Il consumo di alimenti ultra-processati mette seriamente a rischio la nostra salute e aumenta significativamente la mortalità prematura: scopriamo insieme cosa rivela un recente e approfondito studio internazionale.
Il problema, purtroppo, è molto più grave di quanto tendiamo a immaginare nella nostra vita quotidiana. Un recente studio, pubblicato sull'autorevole American Journal of Preventive Medicine, evidenzia che il consumo abituale di cibi ultra-processati – inclusi snack confezionati, dolciumi industriali, carni lavorate come wurstel e salsicce, bevande zuccherate e bibite gassate – può incrementare notevolmente il rischio di morte precoce, specialmente nella fascia d’età compresa tra i 30 e i 69 anni.
Secondo i ricercatori, guidati dal dottor Eduardo Augusto Fernandes Nilson della Fondazione Oswaldo Cruz in Brasile, ogni incremento del 10% del consumo di questi alimenti ultra-processati si associa a una crescita del 3% del rischio di morte prematura.

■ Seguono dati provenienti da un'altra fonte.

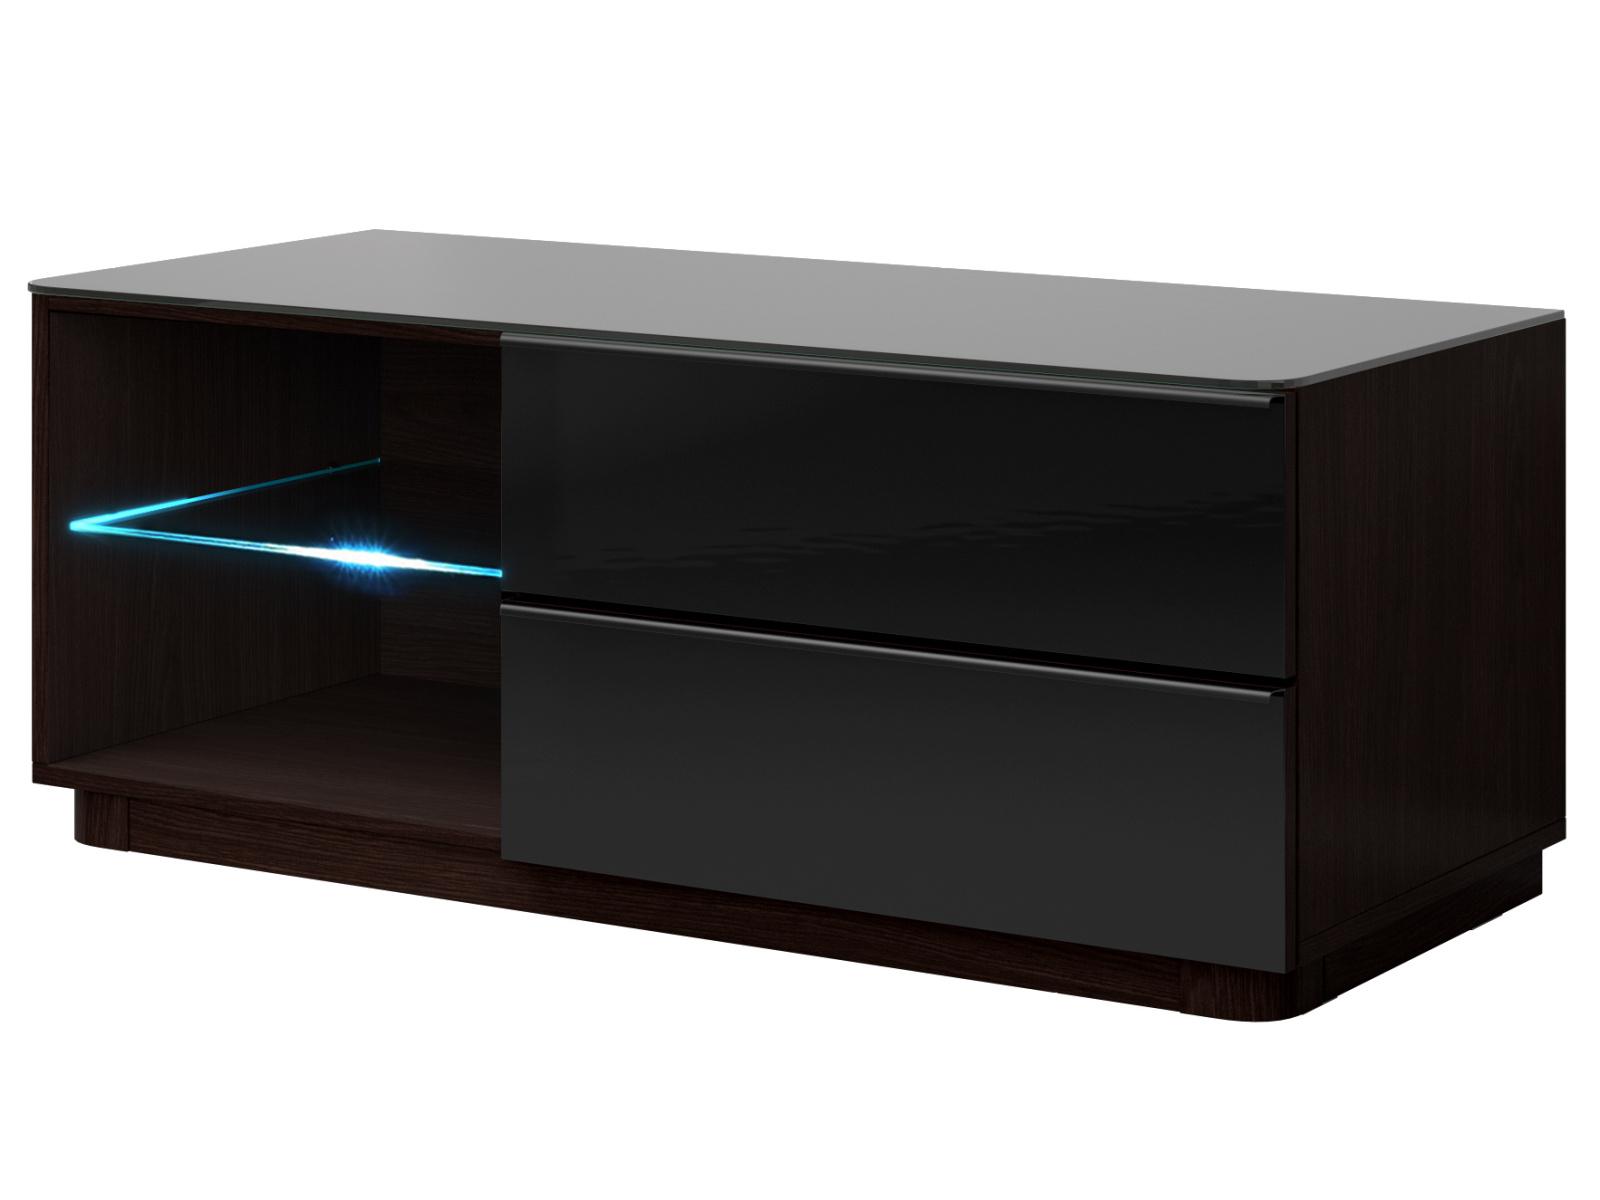 Smartshop TOGO TV stolek 120 TYP 41, wenge/černé sklo

Ma perché accade tutto questo?
Non è soltanto la presenza di ingredienti malsani e noti come zuccheri raffinati, grassi saturi e sale in eccesso a creare problemi. La vera insidia, spesso trascurata, risiede nei processi industriali che trasformano radicalmente gli alimenti, introducendo sostanze chimiche come additivi, coloranti artificiali, aromi sintetici, dolcificanti industriali ed emulsionanti. Questi elementi artificiali non solo rendono il prodotto più appetibile ma contribuiscono attivamente e in maniera significativa al deterioramento della salute, incrementando il rischio di numerose malattie croniche come obesità, diabete, ipertensione e patologie cardiovascolari.
Questo studio internazionale, che ha analizzato le abitudini alimentari di oltre 240mila persone provenienti da otto differenti Paesi, ha fornito dati estremamente preoccupanti. Ad esempio, negli Stati Uniti, dove il consumo di questi prodotti supera abbondantemente il 50% dell’apporto calorico giornaliero, sono stati attribuiti circa 124mila decessi prematuri nel solo 2018 a questa pessima abitudine alimentare. La percentuale dei decessi evitabili associati al consumo di alimenti ultra-processati varia considerevolmente da un Paese all'altro: dal 4% nelle nazioni con il consumo più moderato fino al 14% in quelle, come appunto gli Stati Uniti, dove la diffusione di tali alimenti è estremamente elevata.
Guardando agli altri Paesi coinvolti, emerge un quadro altrettanto preoccupante: in Colombia il consumo di cibi ultra-processati corrisponde a circa il 15% dell’apporto energetico totale, mentre in Brasile il valore sale al 17,4%. Il Cile raggiunge addirittura il 22,8%, e il Messico si attesta intorno al 24,9%. In Canada, invece, la cifra è ancora più alta e raggiunge il 43,7%.
Questi numeri drammatici impongono una riflessione urgente e, soprattutto, l'adozione di politiche incisive e concrete a livello globale. È fondamentale incentivare strategie e interventi di salute pubblica mirati a ridurre drasticamente il consumo di alimenti ultra-processati, promuovendo invece modelli alimentari più sani e sostenibili, basati su cibi freschi, stagionali, locali e minimamente trasformati.
Per salvaguardare la nostra salute e garantire un futuro più sano alle prossime generazioni, è necessario ripensare seriamente alle nostre abitudini alimentari quotidiane.
La domanda che dobbiamo porci con estrema sincerità è semplice ma cruciale: vale davvero la pena mettere a repentaglio la nostra vita solo per il gusto momentaneo di questi prodotti industriali?